Once I got some great advice when I was a sophomore at LHS and one of just three or four sophomores on the varsity. I went up to football coach Doc Savage and said, "Coach, can I get in the JV game?" I got a lot more playing time in JV games than in varsity games. The coach replied, "You’re a varsity player now. You need to get excited about playing varsity games now. Start thinking varsity, not JV." I’ve taken that thought with me ever since think varsity.
The day I graduated from high school I had an interview with the Oregonian to do cartoon work. They just said I have good, raw talent but needed more experience.
Why stay here when I could work anywhere? I asked that same question of Michael Frasier, LHS music teacher, as I know he’s had offers from colleges and universities. I just like it here. It’s the same with me. Wherever you are, competition is what you make it, and you can reach your full potential here. The world is not as big as a person thinks it is. It is up to your desire; you have to hunker down and say, This is what I want to do.

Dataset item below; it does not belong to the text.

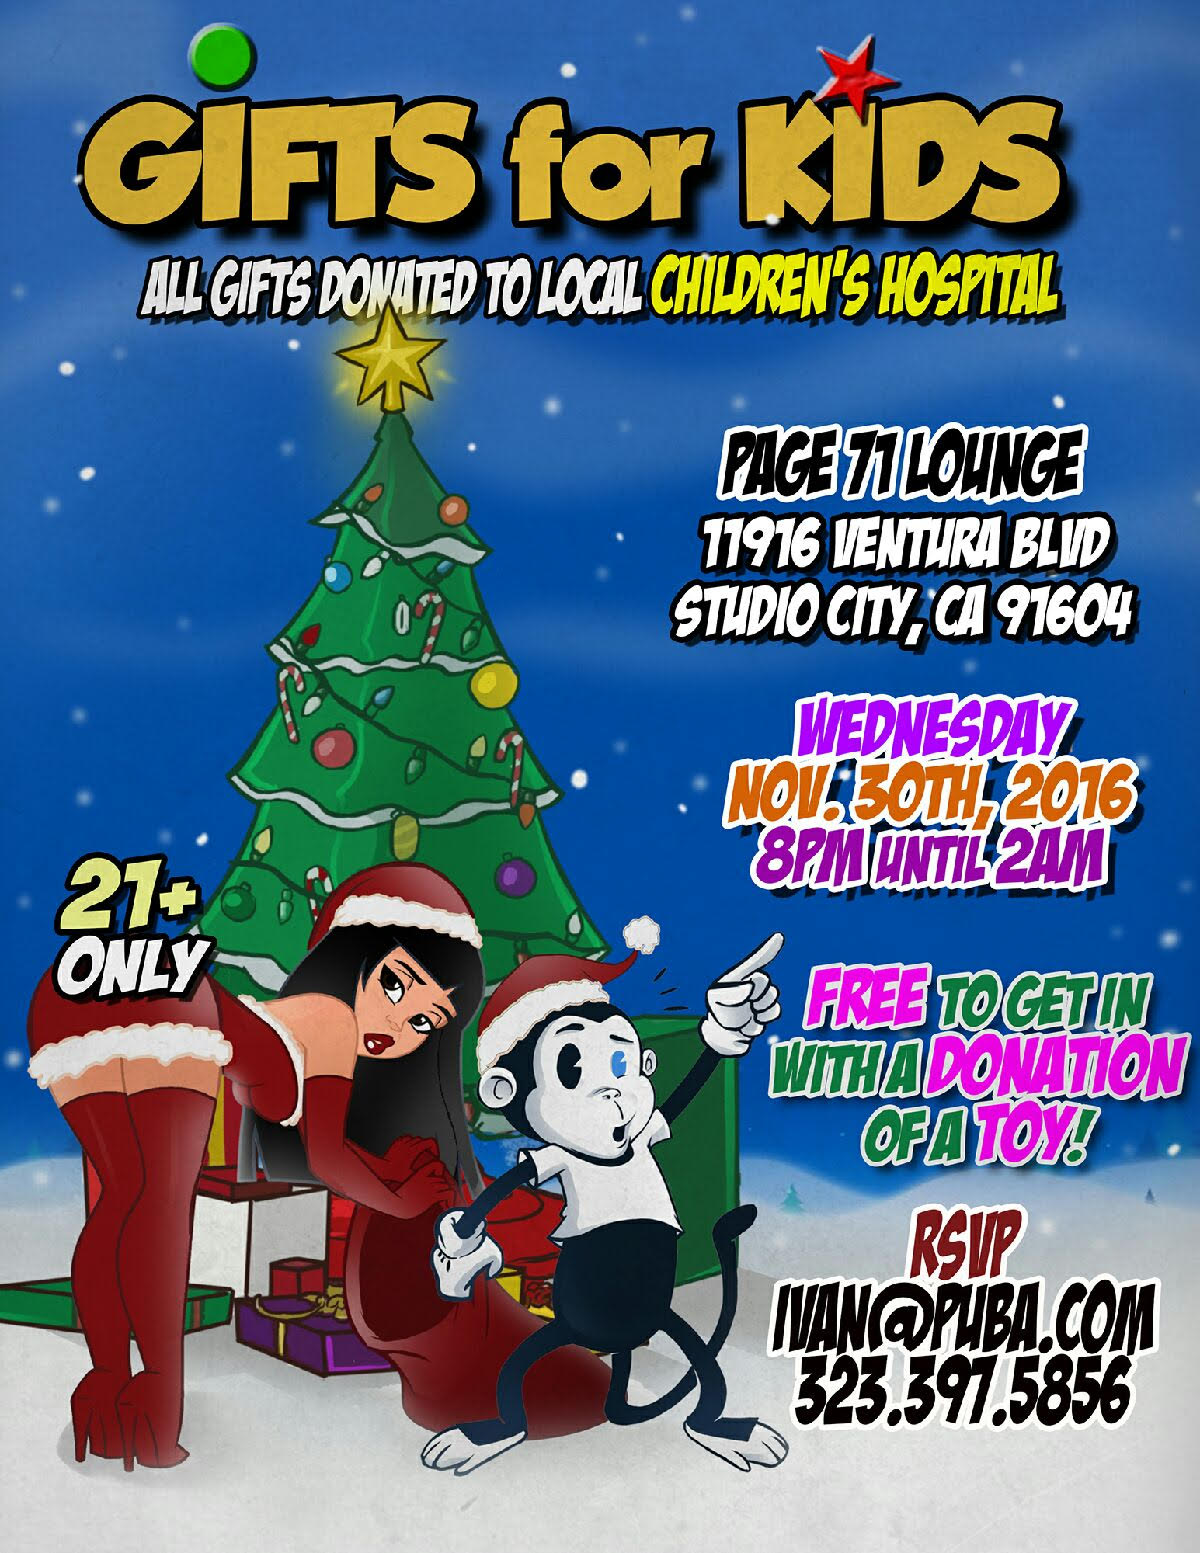 “Toy Drive for Children’s Hospital Wed Nov 30th at P71”

When I was a bachelor I worked in Portland and loved it. When I was married and had a family, I hated it. I came over here just praying La Grande would keep me busy enough. I still do a lot of work in Portland, mainly faxing and mailing illustrations to different companies. I’m still interested in being syndicated in cartoon work. You have to face the reality of having a family, making ends meet, living in an area you like with safe, good schools. Sure, you could make a lot of money in a big city, but you’d also have to put up with a lot of crap.
It’s a feast or famine business. You feast and eat good, and then you get to where you’re hungry. Usually, it’s seasonal in spring, summer and into fall it’s budy. Figuring that in makes the winter months bearable. You need to be diversified not to be a starving artist. You’ve got to be a salesman, and it’s important to have overlapping jobs. My main bread and butter is probably sign work and screen printing.
One of my big jobs now is doing two dozen water conservation cartoons for a national education program based in Virginia.
I’m working on several children’s stories with author Tim Barker who works in Portland and lives in La Grande. The stories revolve around a cricket with a cat nemisis.
In anything you do, 80 percent is thinking about what you want before you pick up a brush. You have a blank canvas, but you already see the finished product. Sometimes I do sketches, but most of it is in my head.
It’s harder to do small illustrations than it is to do murals. For example, I was working on a small technical illustyration for Nash Trailers. That’s taxing. Working at a computer for a long period is physically taxing. With murals it’s big brush strokes. The challenge is making something look good from a distance. The bigger it is, the easier it is to do. The smaller it is, the more detail you have, the more difficult, the more time.
In my spare time, I like to pick up a brush and just do paintings. I’ve done portraits of my kids and wife, and I’d like to do more of that.